Morton v. Beach

56 N.J. Eq. 791 | N.J. | 1898

The opinion of the court was delivered by

Garrison, J.

This appeal brings up a final decree of the court of chancery. The first ground taken by the appellant is that the court of chancery was without power to make this decree, because the accounting upon which it was based was had pending an appeal from the interlocutory decree that directed the taking of the account. The original bill was filed to foreclose a mortgage. The appellant answered, setting up that at the time she executed the mortgage she was the wife of the person to whom it was made. Upon this issue an interlocutory decree was entered in favor of the complainant, containing the usual reference to a master to ascertain the amount due upon the mortgage. From this decree an appeal was taken, pending which the accounting was had before the master. After the affirmance of the decree by this court, the record was remitted and the decree final made in the court of chancery in accordance with the account that had been taken pending the appeal. The contention of the appellant is that her appeal from the interlocutory decree suspended the order for an accounting. It is said that the case of Pennsylvania Railroad Co. v. National Docks Railway Co., 9 Dick. Ch. Rep. 647, is a precedent for this position. That case indubitably decided that the mere act of the appellant, in placing before this court the question whether the threatened destruction of its property was justifiable, preserved the property from destruction while the question was under consideration by this court. The opinion further intimated in no uncertain terms that this must be the effect of every appeal if the preservation of the subject of litigation be necessary to the remedy sought in this court. *793Neither this case nor the principle that it illustrates have any application to an appeal from a decree directing the taking of an account where there is no property to be preserved and no destruction to- be averted. Apart from the supposed authority of this decision there is nothing in equity practice to countenance the contention.
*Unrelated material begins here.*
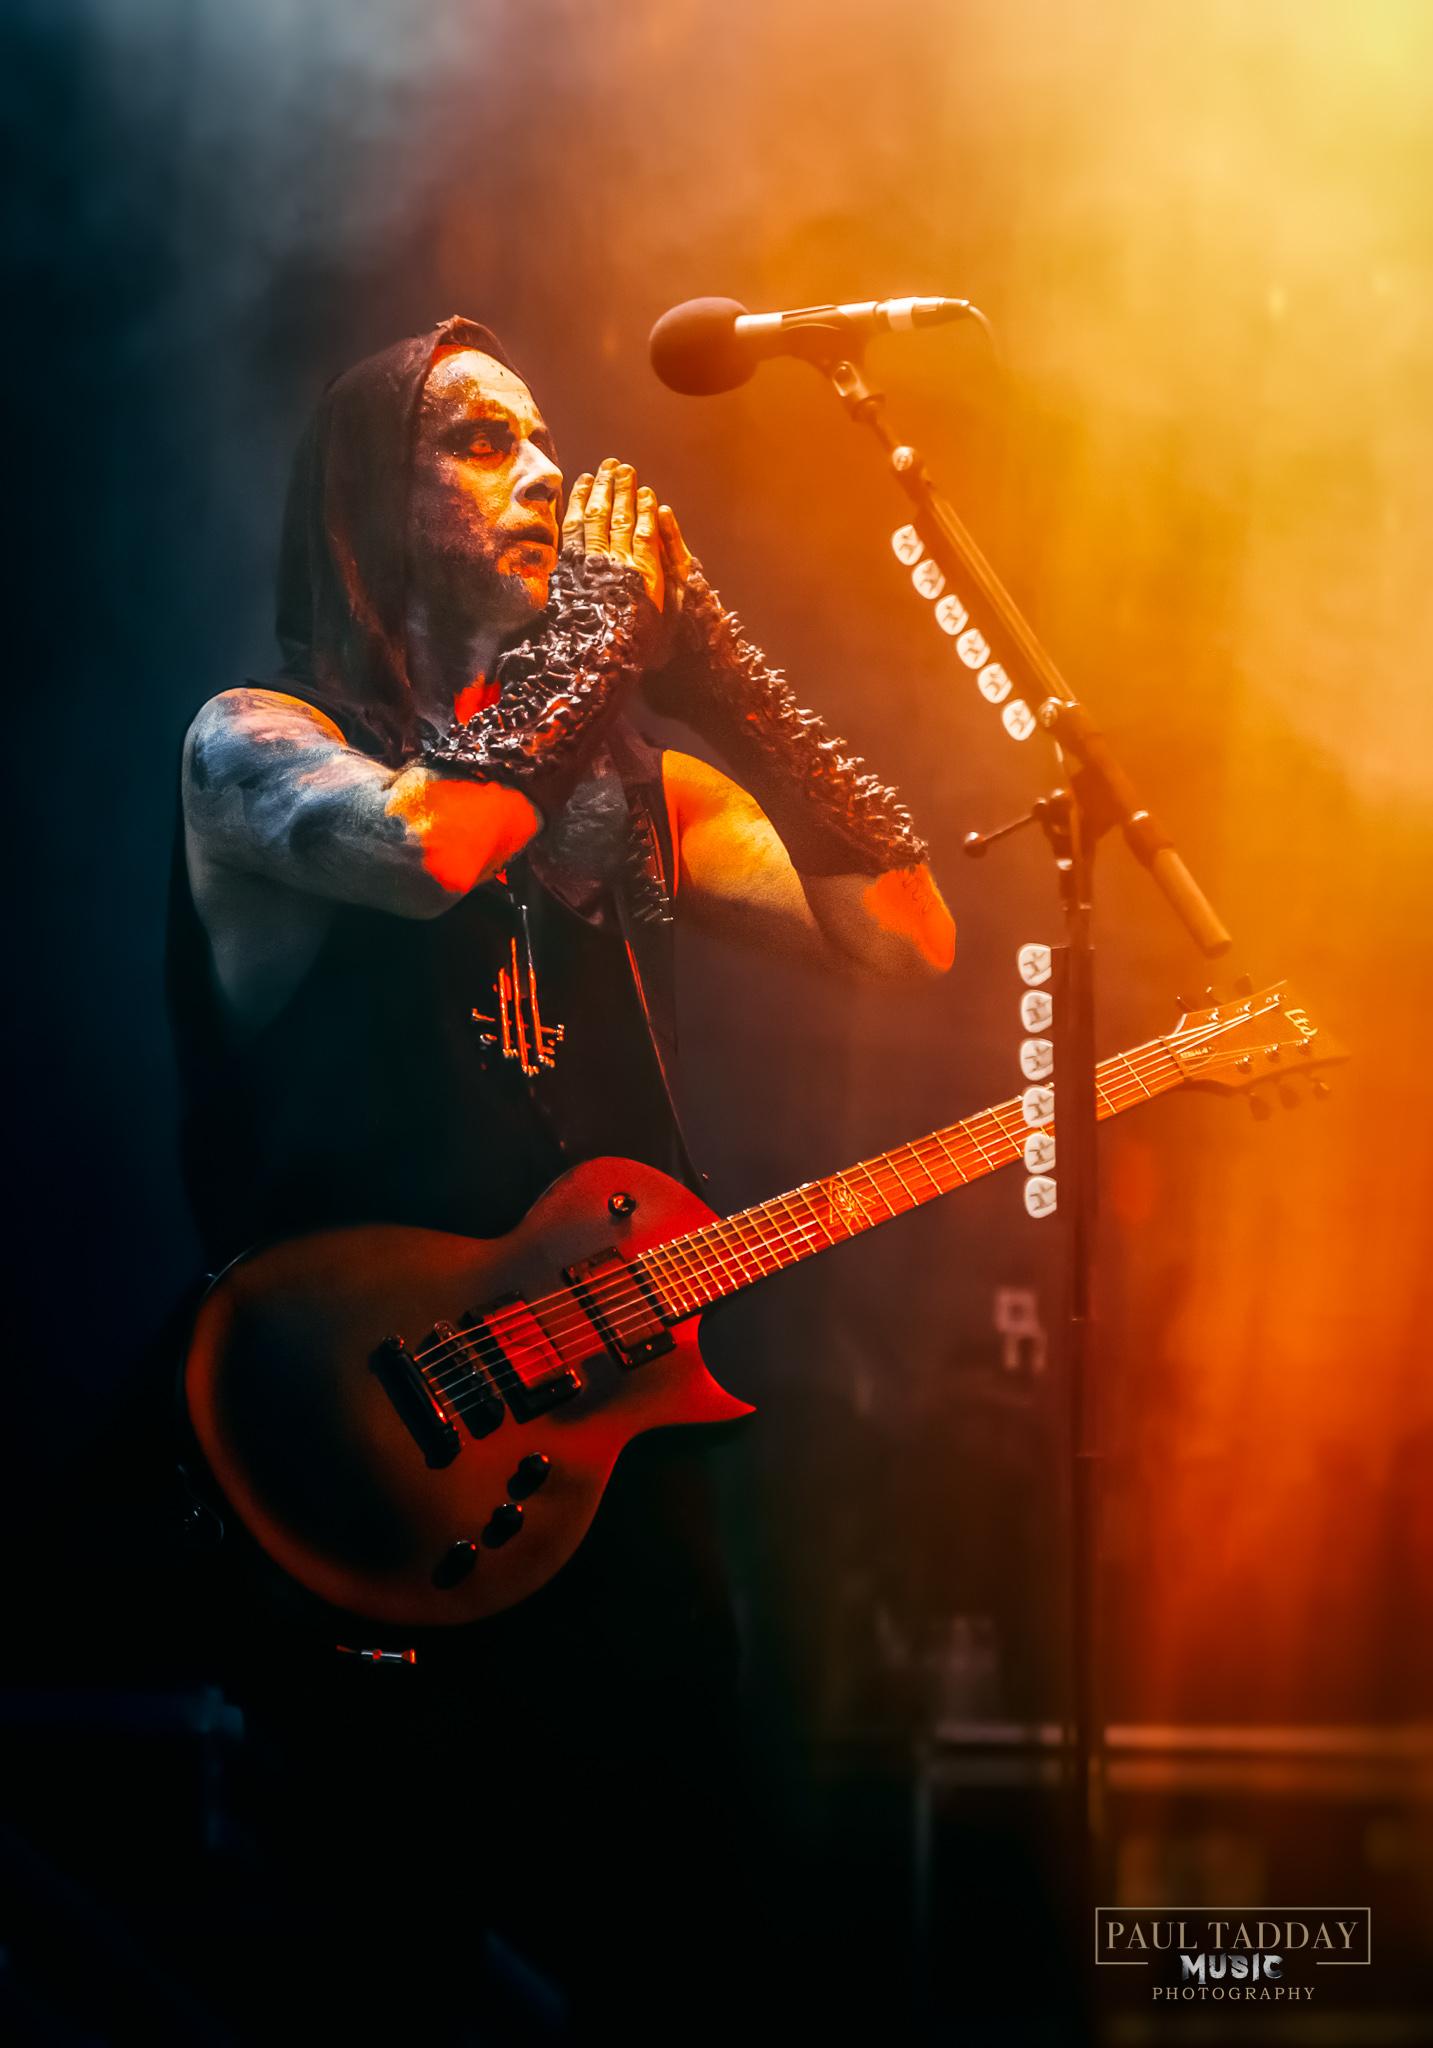 behemoth - brisbane - march 7 2019 - web - paul tadday photography - 44.jpg

In the English court of chancery the taking of an appeal was, generally speaking, no ground for staying an account. It is so stated by Lord Eldon, in Nerot v. Burnand, 2 Russ. 56. Mr. Daniells says : “ It is not the habit of the court to suspend the taking of an account.” 2 Dan. Ch. Pr. 1470. “The taking of an account will not be stayed pending an appeal.” 2 Sm. Ch. Pr. 70.

In Ratzer v. Ratzer, 2 Stew. Eq. 162, Vice-Chancellor Van Fleet says the complainant is obviously entitled to have the accounting proceed pending an appeal. Upon this branch of the case the appellant must fail.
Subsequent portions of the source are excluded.